What you have to do
Out of the lines below, please list those that hold the string "número".

Stored items

[Start of Attachment]

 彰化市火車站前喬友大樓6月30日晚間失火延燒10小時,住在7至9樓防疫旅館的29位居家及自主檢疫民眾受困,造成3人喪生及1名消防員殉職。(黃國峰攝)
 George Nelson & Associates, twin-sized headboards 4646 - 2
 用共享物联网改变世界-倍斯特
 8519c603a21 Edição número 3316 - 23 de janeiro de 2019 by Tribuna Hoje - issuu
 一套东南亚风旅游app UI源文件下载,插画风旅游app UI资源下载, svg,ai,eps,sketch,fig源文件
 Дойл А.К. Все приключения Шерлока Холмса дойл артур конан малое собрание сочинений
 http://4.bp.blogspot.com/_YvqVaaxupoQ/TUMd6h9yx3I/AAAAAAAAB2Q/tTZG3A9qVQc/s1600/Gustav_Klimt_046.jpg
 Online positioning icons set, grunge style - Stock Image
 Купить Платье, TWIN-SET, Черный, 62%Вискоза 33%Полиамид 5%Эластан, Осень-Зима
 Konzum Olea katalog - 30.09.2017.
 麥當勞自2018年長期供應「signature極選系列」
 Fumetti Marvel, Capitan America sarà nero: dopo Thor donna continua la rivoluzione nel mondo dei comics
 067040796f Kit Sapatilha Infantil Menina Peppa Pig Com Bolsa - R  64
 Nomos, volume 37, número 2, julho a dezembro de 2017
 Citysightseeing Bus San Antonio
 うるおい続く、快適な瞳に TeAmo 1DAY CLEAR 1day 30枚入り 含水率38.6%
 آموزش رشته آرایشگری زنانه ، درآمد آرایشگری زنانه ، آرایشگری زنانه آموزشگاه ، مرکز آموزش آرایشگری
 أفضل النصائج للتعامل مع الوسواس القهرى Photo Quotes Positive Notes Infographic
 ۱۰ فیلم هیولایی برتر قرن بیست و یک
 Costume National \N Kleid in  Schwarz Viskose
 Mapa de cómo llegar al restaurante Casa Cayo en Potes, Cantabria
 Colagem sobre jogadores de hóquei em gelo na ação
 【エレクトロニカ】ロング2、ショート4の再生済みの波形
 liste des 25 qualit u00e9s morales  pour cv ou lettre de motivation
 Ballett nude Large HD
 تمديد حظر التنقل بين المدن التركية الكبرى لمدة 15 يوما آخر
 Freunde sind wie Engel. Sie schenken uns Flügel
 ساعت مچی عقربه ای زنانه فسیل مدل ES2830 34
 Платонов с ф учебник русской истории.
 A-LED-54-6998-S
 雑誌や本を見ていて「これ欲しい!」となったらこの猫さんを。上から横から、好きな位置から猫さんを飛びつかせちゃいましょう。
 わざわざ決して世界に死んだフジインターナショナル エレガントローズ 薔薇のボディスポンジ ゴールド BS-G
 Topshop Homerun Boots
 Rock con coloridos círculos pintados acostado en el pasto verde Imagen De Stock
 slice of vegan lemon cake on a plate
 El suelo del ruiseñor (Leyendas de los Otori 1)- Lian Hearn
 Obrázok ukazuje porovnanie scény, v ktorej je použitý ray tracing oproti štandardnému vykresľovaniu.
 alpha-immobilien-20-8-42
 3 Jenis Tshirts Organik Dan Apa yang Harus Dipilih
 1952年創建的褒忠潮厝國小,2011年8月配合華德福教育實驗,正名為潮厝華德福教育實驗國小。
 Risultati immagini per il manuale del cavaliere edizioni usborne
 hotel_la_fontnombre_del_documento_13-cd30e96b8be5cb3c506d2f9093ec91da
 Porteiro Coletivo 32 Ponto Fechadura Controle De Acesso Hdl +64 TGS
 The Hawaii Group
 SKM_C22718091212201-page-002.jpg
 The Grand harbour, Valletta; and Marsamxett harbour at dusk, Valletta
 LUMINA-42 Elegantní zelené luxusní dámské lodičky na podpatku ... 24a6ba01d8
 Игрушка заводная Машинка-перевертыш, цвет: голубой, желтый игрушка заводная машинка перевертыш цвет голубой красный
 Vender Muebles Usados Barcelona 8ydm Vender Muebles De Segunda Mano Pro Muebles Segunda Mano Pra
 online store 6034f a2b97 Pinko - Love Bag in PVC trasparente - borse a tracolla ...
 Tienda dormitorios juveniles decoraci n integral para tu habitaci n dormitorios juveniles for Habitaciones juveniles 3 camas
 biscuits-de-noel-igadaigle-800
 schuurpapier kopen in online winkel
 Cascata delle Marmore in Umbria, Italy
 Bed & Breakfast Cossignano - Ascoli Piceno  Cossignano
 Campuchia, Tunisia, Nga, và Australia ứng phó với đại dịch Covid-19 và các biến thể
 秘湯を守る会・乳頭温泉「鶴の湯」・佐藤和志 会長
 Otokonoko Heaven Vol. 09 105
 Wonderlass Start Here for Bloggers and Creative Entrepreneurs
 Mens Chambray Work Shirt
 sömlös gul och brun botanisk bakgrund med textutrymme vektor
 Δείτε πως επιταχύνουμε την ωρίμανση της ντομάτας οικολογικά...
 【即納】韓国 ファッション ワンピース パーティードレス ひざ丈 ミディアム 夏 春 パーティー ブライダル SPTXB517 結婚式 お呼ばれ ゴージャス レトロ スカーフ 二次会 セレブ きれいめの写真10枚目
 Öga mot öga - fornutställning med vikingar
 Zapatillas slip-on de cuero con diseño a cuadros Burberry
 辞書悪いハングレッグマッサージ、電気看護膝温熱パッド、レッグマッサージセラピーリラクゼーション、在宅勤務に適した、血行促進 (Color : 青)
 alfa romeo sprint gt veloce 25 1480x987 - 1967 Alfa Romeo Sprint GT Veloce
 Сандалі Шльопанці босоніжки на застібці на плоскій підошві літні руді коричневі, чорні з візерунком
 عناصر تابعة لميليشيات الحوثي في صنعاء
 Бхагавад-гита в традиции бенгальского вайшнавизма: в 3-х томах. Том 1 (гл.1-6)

[End of Attachment]

Exercise response
 8519c603a21 Edição número 3316 - 23 de janeiro de 2019 by Tribuna Hoje - issuu
 Nomos, volume 37, número 2, julho a dezembro de 2017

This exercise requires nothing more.